◆ Problem to work on ◆
All of the data below must be reproduced word for word, but without its images.

◆ Data excerpt ◆
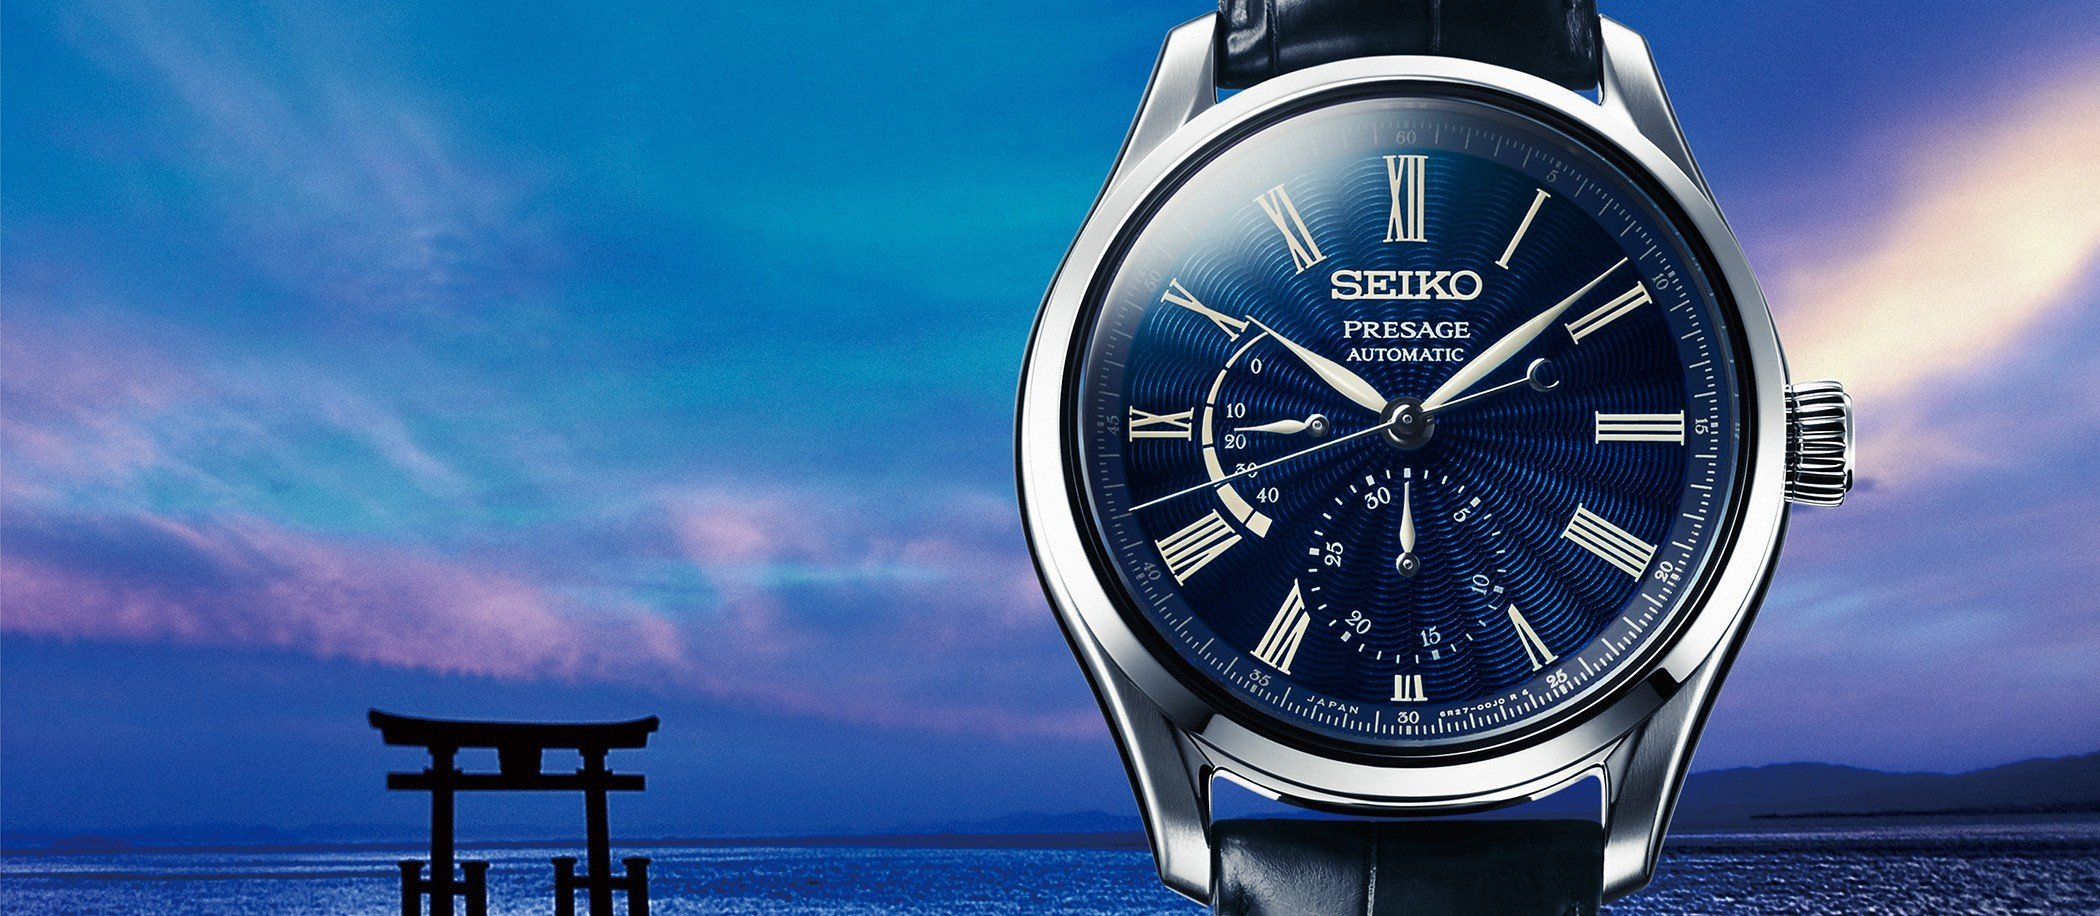 Seiko Presage Shippo Enamel Limited Edition
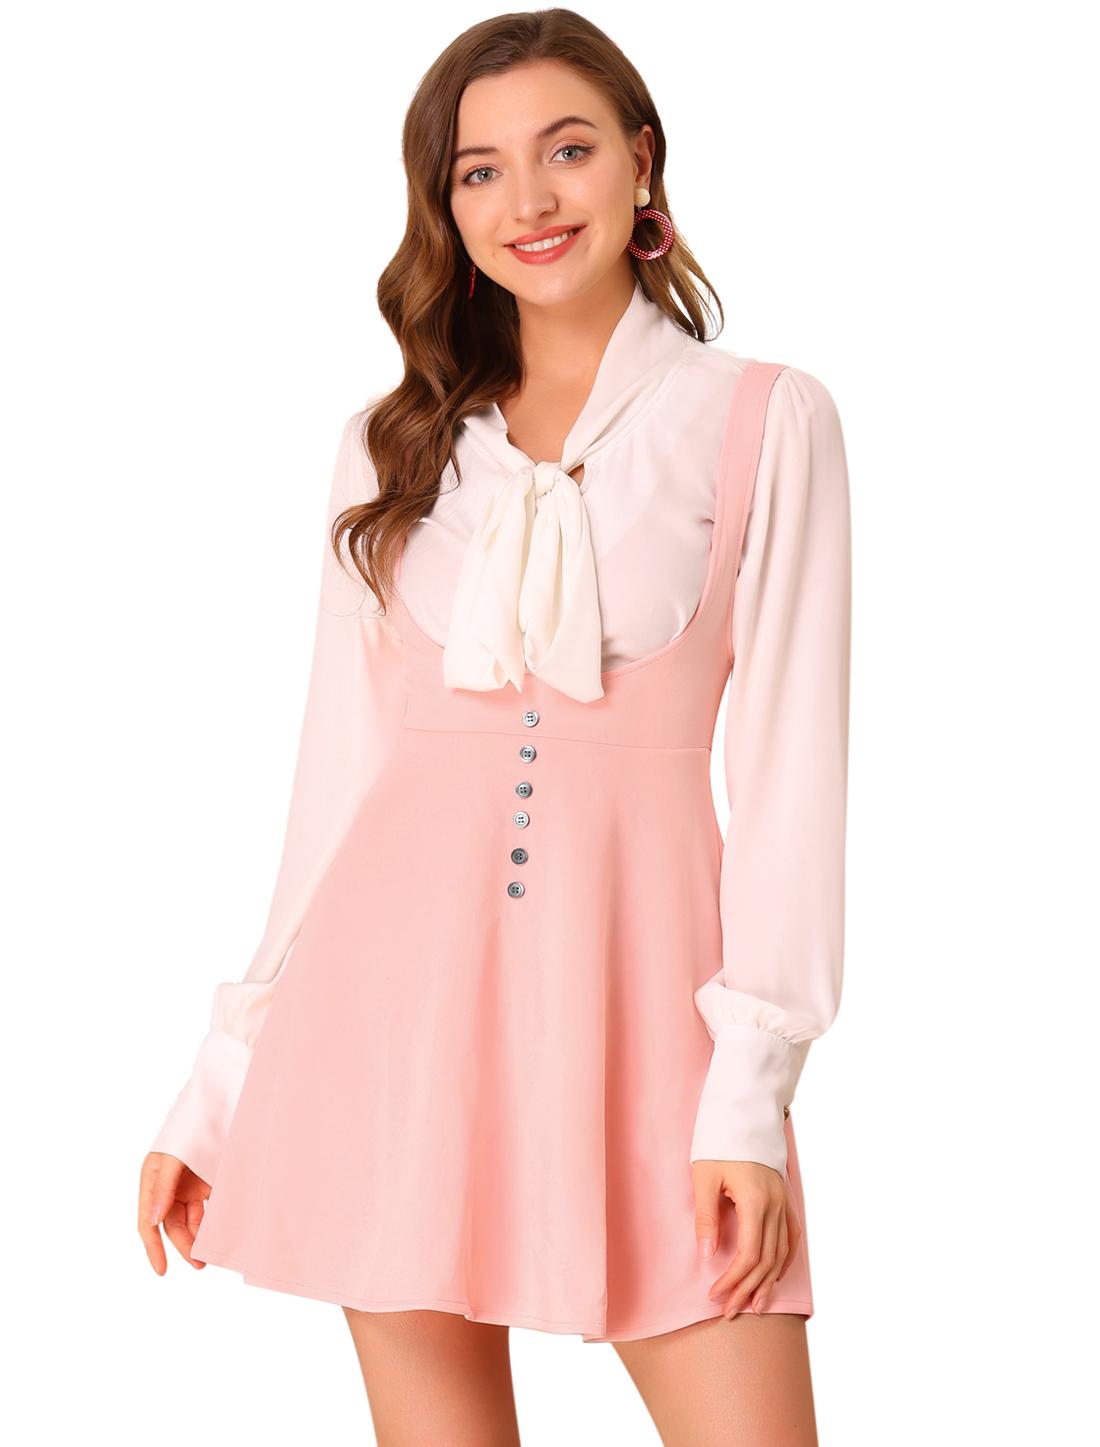 Allegra K Women Button Decor Flared Hem Above Knee Dress Suspender Skirt Pink XS
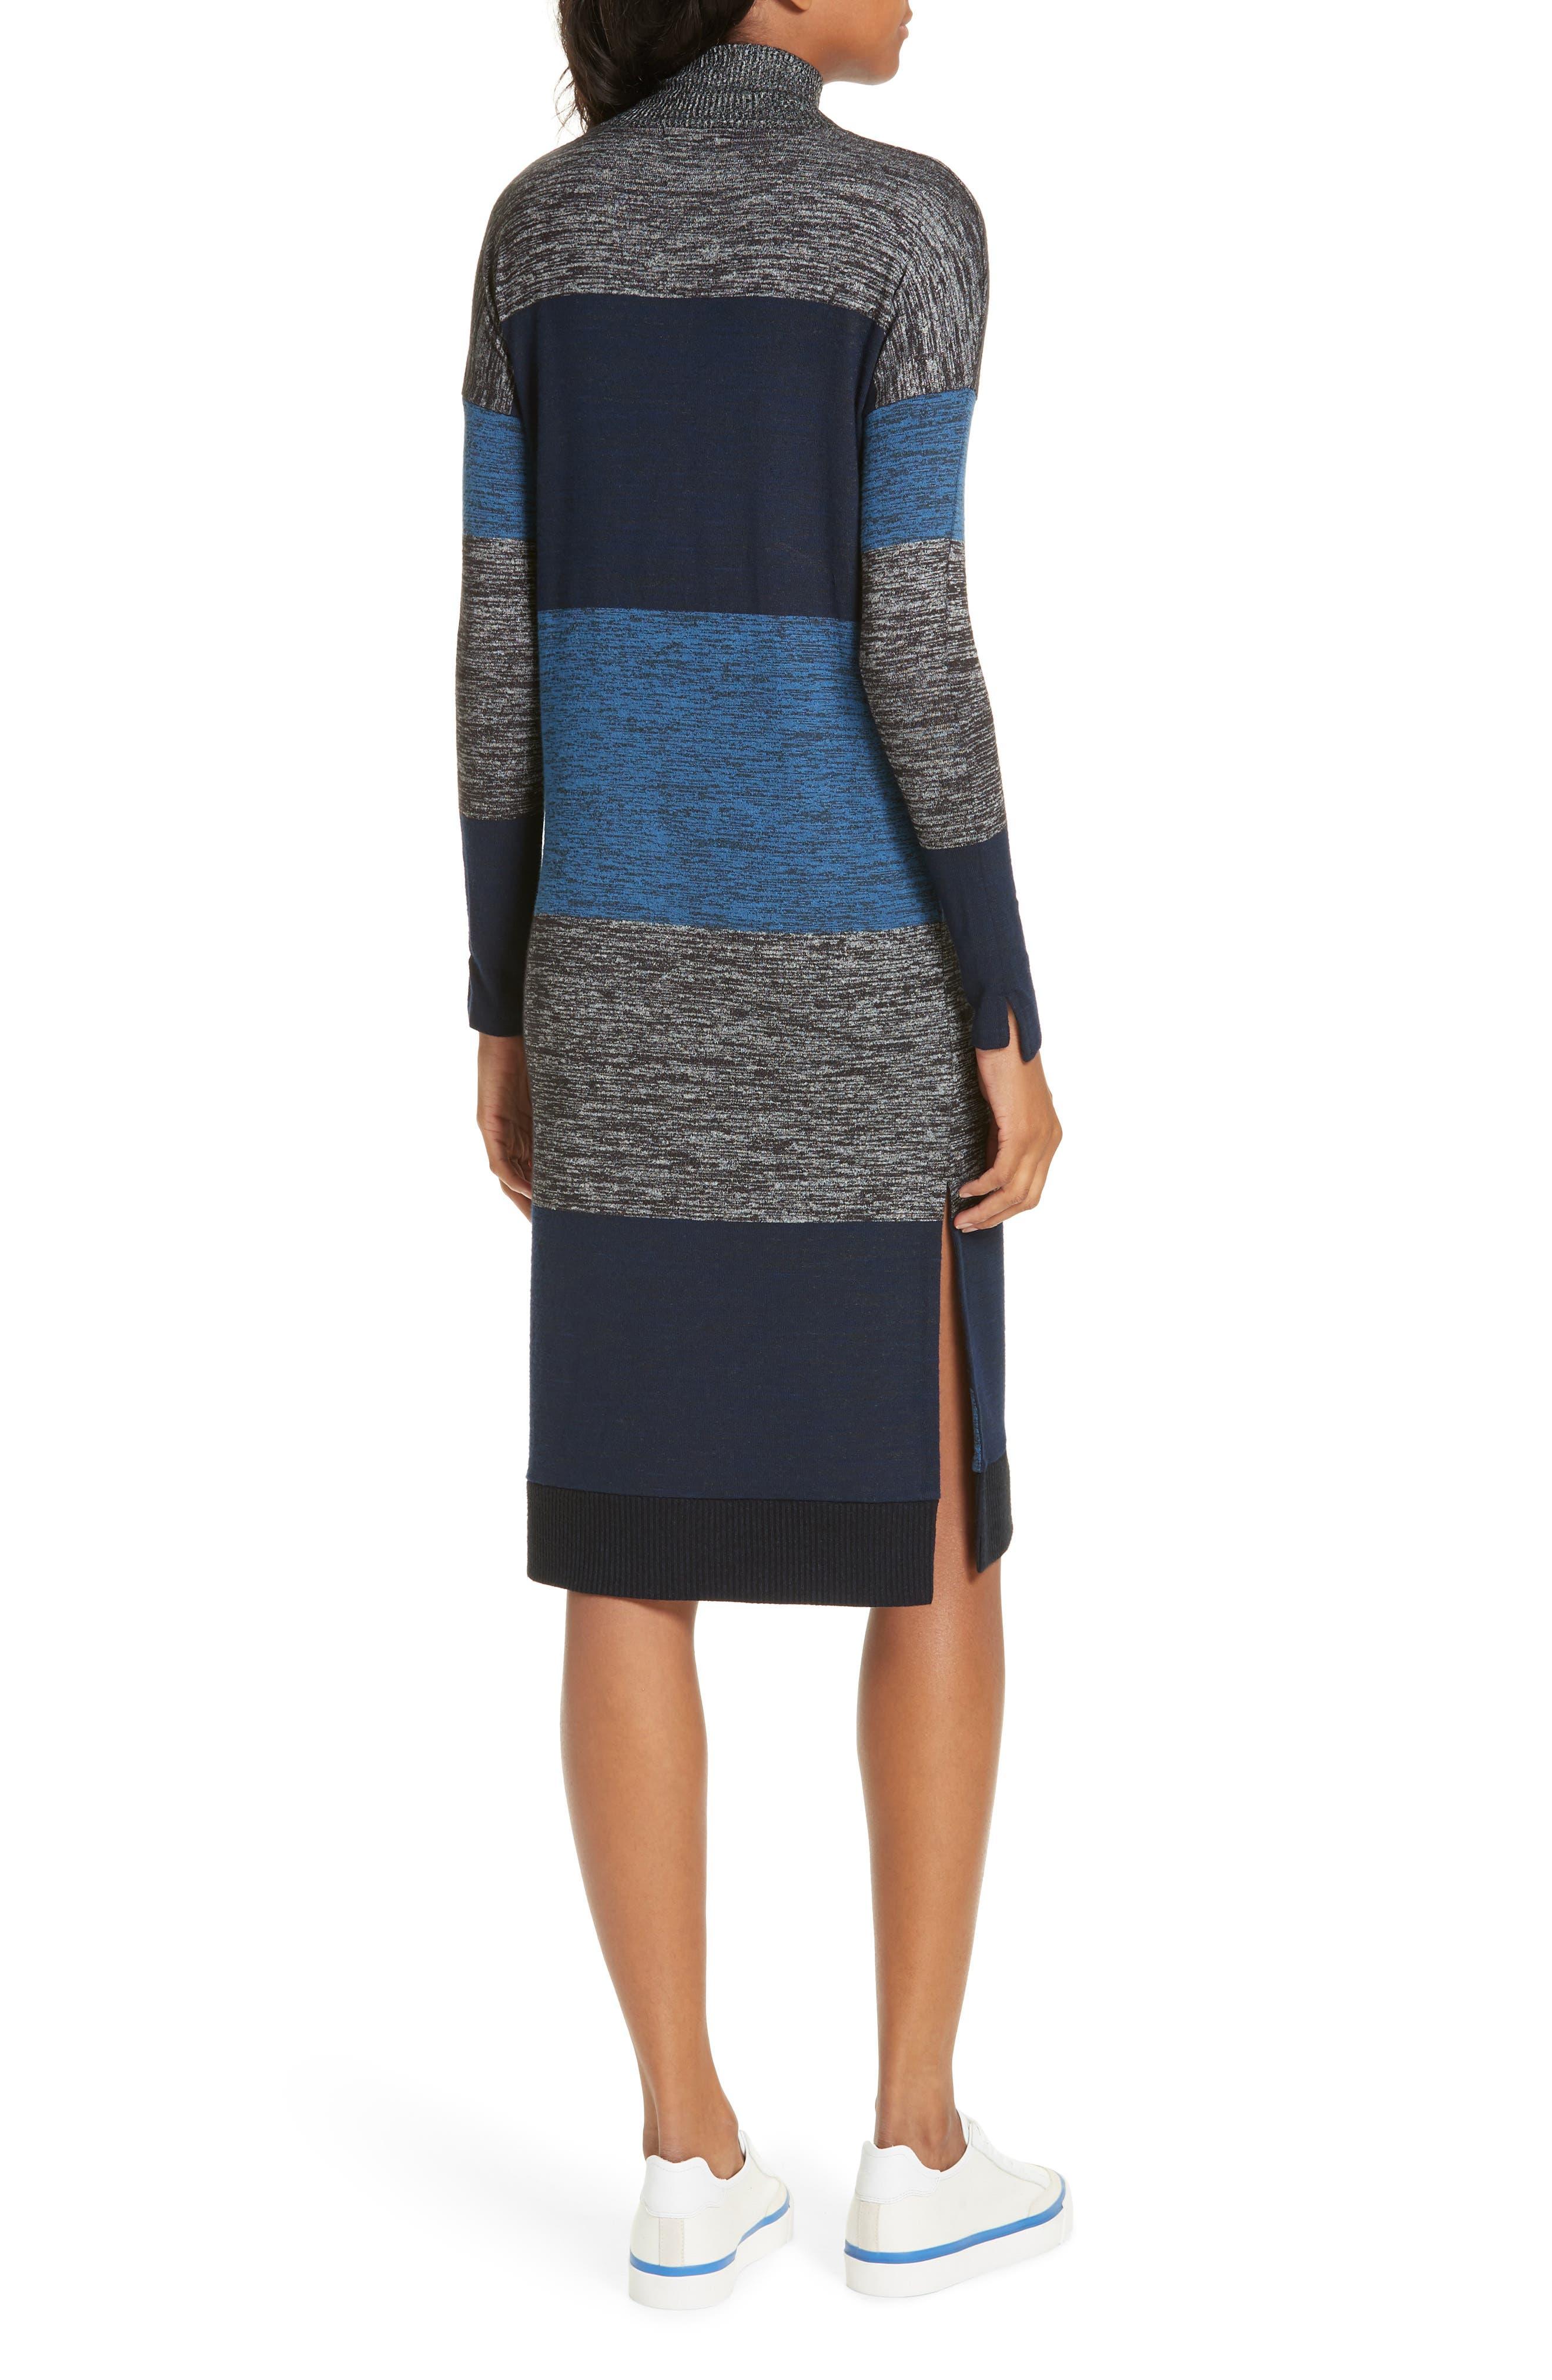 rag & bone Bowery Stripe Turtleneck Sweater Dress,                             Alternate thumbnail 2, color,                             BLUE STRIPE

◆ Task response ◆
 Seiko Presage Shippo Enamel Limited Edition
 Allegra K Women Button Decor Flared Hem Above Knee Dress Suspender Skirt Pink XS
 rag & bone Bowery Stripe Turtleneck Sweater Dress,                             Alternate thumbnail 2, color,                             BLUE STRIPE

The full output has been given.